Глядя на него, несмотря на то, что это был мой близкий друг, я всегда невольно восхищался, думая: “Что это за человек!”
Он куда-то срывался, ему надо было ехать в ОВИР – оформлять своим ученикам паспорта на загранпоездку, по пути заскочить в авиакомпанию, договориться о билетах. Звонил сотовый, и он выхватывал его из кармана и кричал в трубку, что необходимо проводить турнир, посвященный Сергею Шмакову, а для этого необходимо то-то, то-то и то-то. Глядя на него, думалось, что он повсюду и везде опаздывает, он разрывался буквально на части.
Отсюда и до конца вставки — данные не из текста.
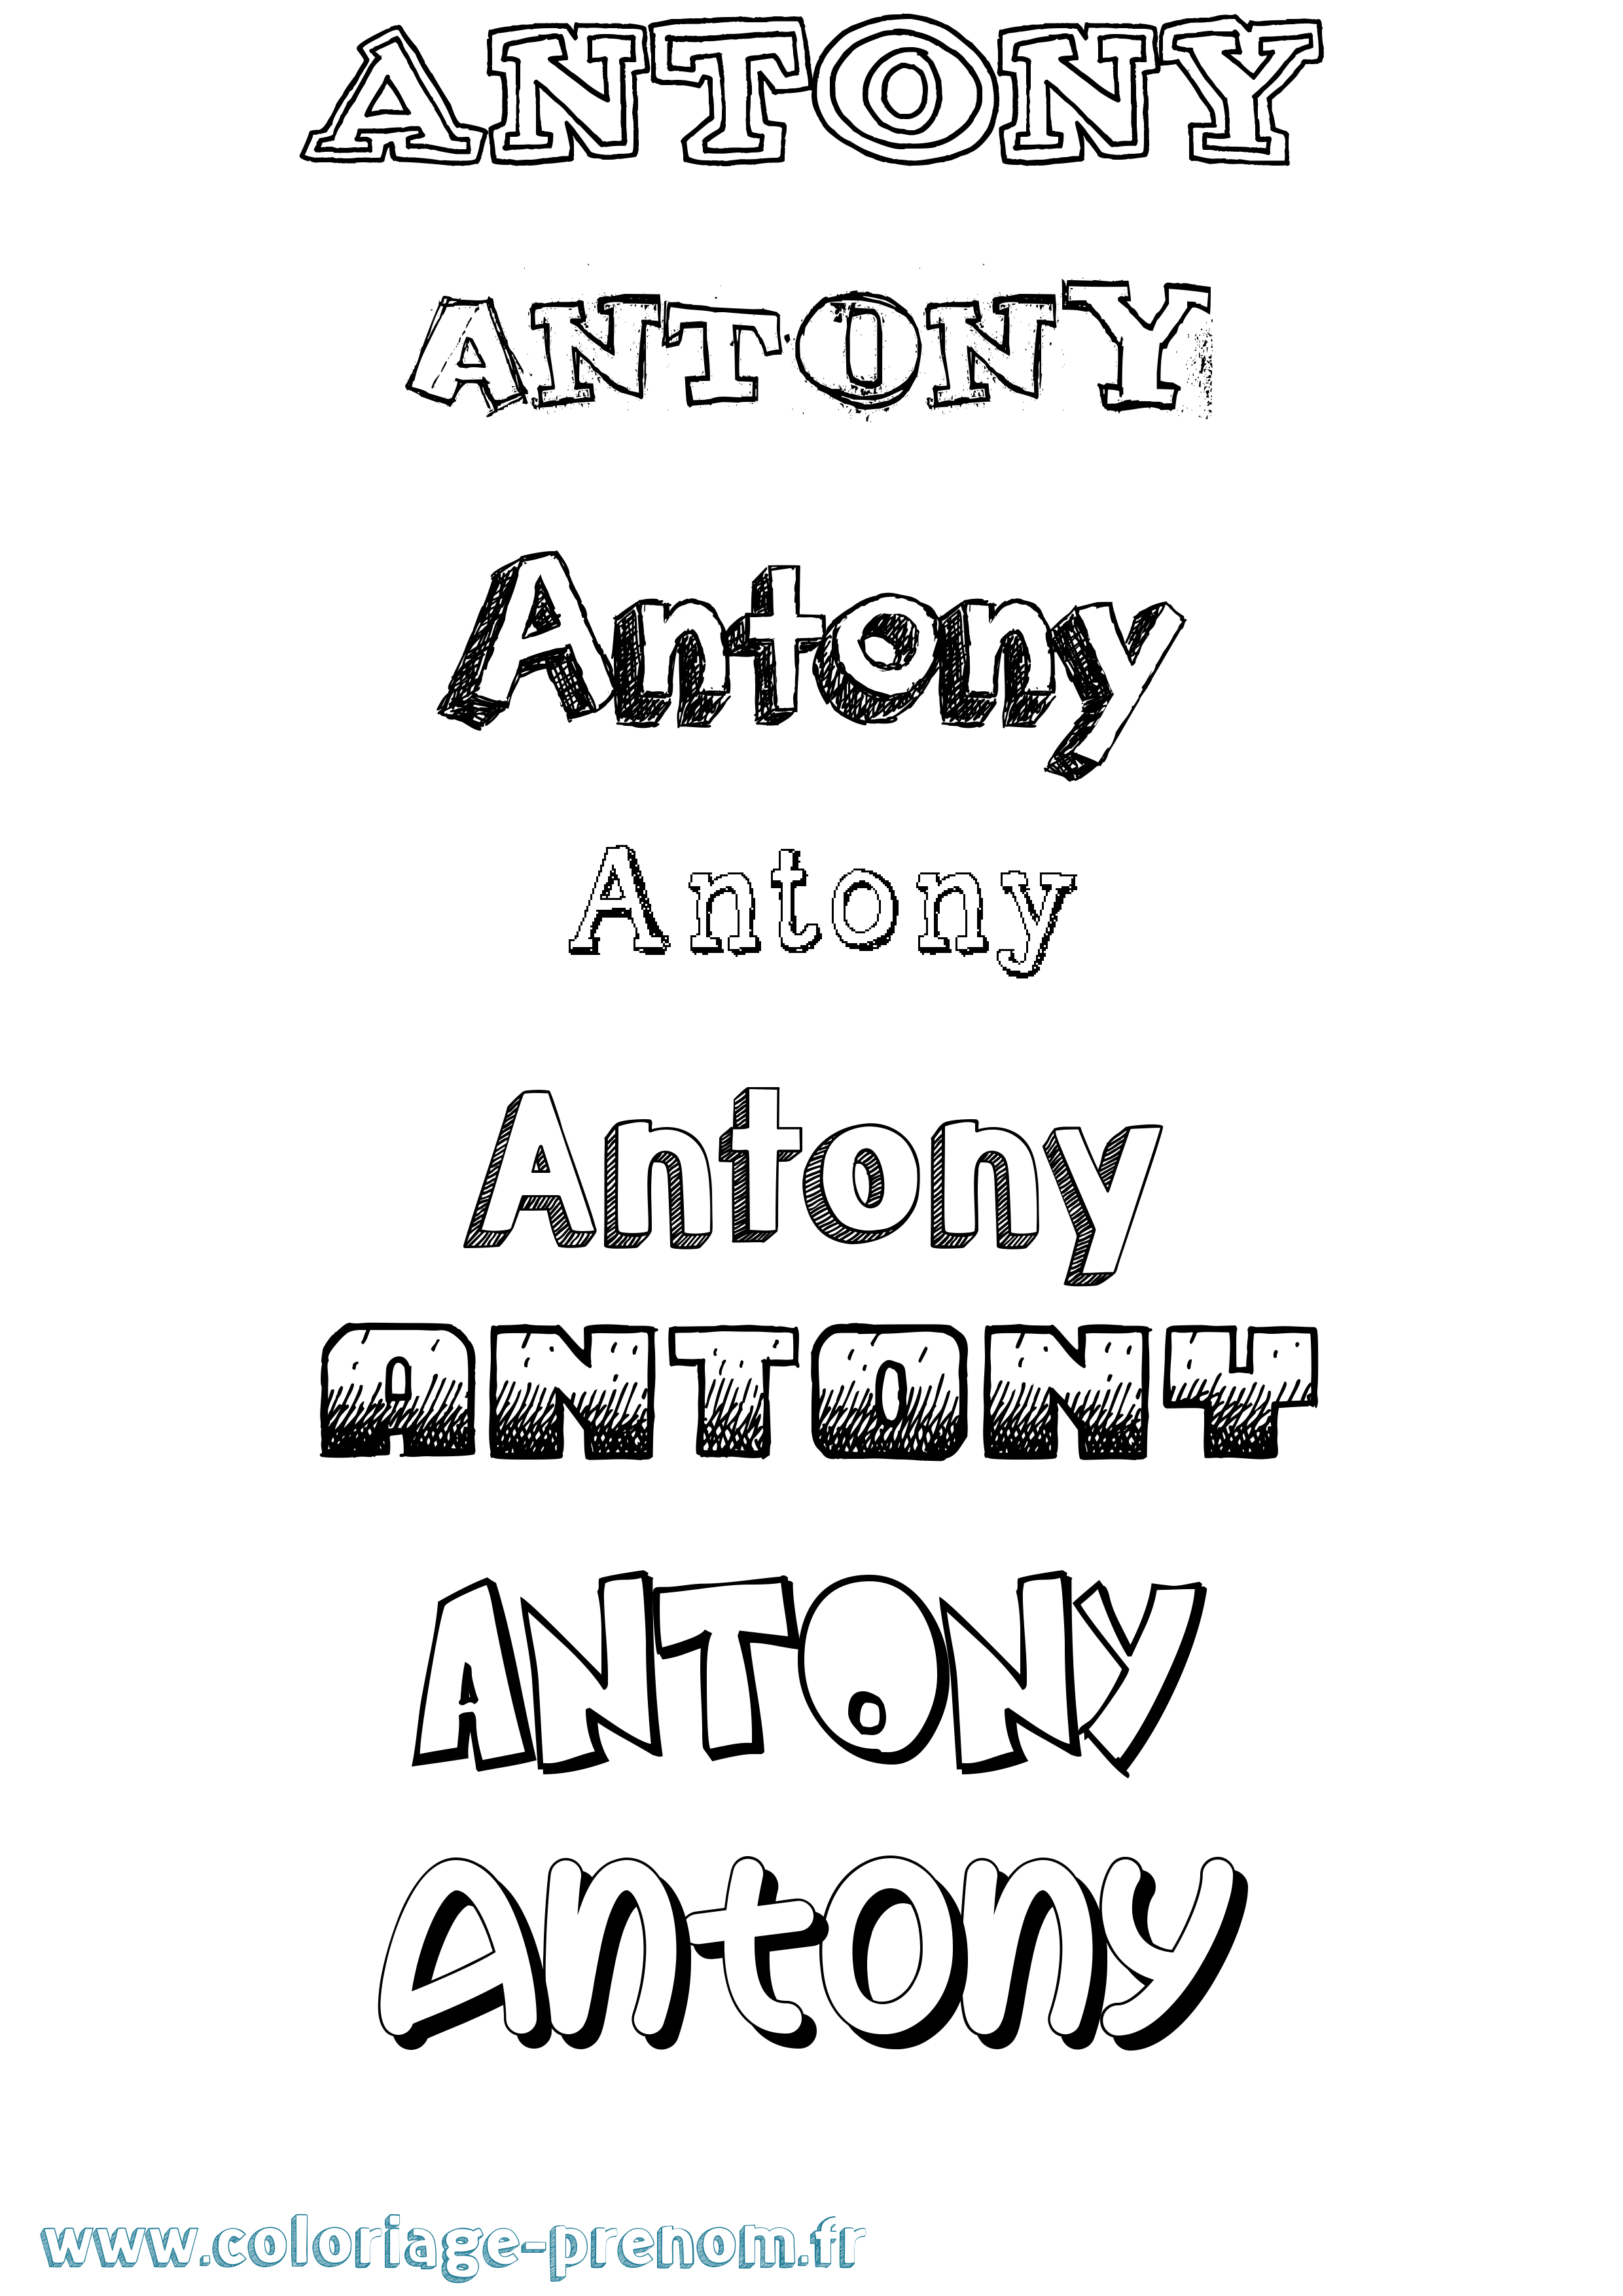 Coloriage prénom Antony

К вечеру он проводил тренировку, переодевшись в белое кимоно, он показывал, как правильно надо бить в той или иной ситуации, терпеливо объясняя тактическое построение боя. Сам разминался долго, а затем упоенно тренировался. Воистину он был СЭНСЭЙ!
День пролетал как мгновение, и только к ночи он вспоминал, что еще не завтракал. И не обедал. И не ужинал.
История шестая
Никогда я не отмечал дни рождения!
А тут юбилей! 40 лет! И не юбилей мне надо было отметить, а просто соскучился по друзьям. Вот и возникла мысль собрать их всех воедино, со всех концов и краев нашего разломившегося, словно гнилой арбуз, и распавшегося на десятки кусков, государства.
А февраль – это время продолжительных, занудных, круговертных буранов в Кокшетау. Плюс пронизывающий ветер, да крепчайший мороз!
Моя семья, мой кокшетауский круг друзей, все мы готовимся к встрече дорогих гостей. Наступил день, когда стали подъезжать самые первые гости.
Из Семипалатинска прилетели двое моих друзей. Молодцы! Прилетели за два дня загодя и отдыхали, проводя время в задушевных беседах.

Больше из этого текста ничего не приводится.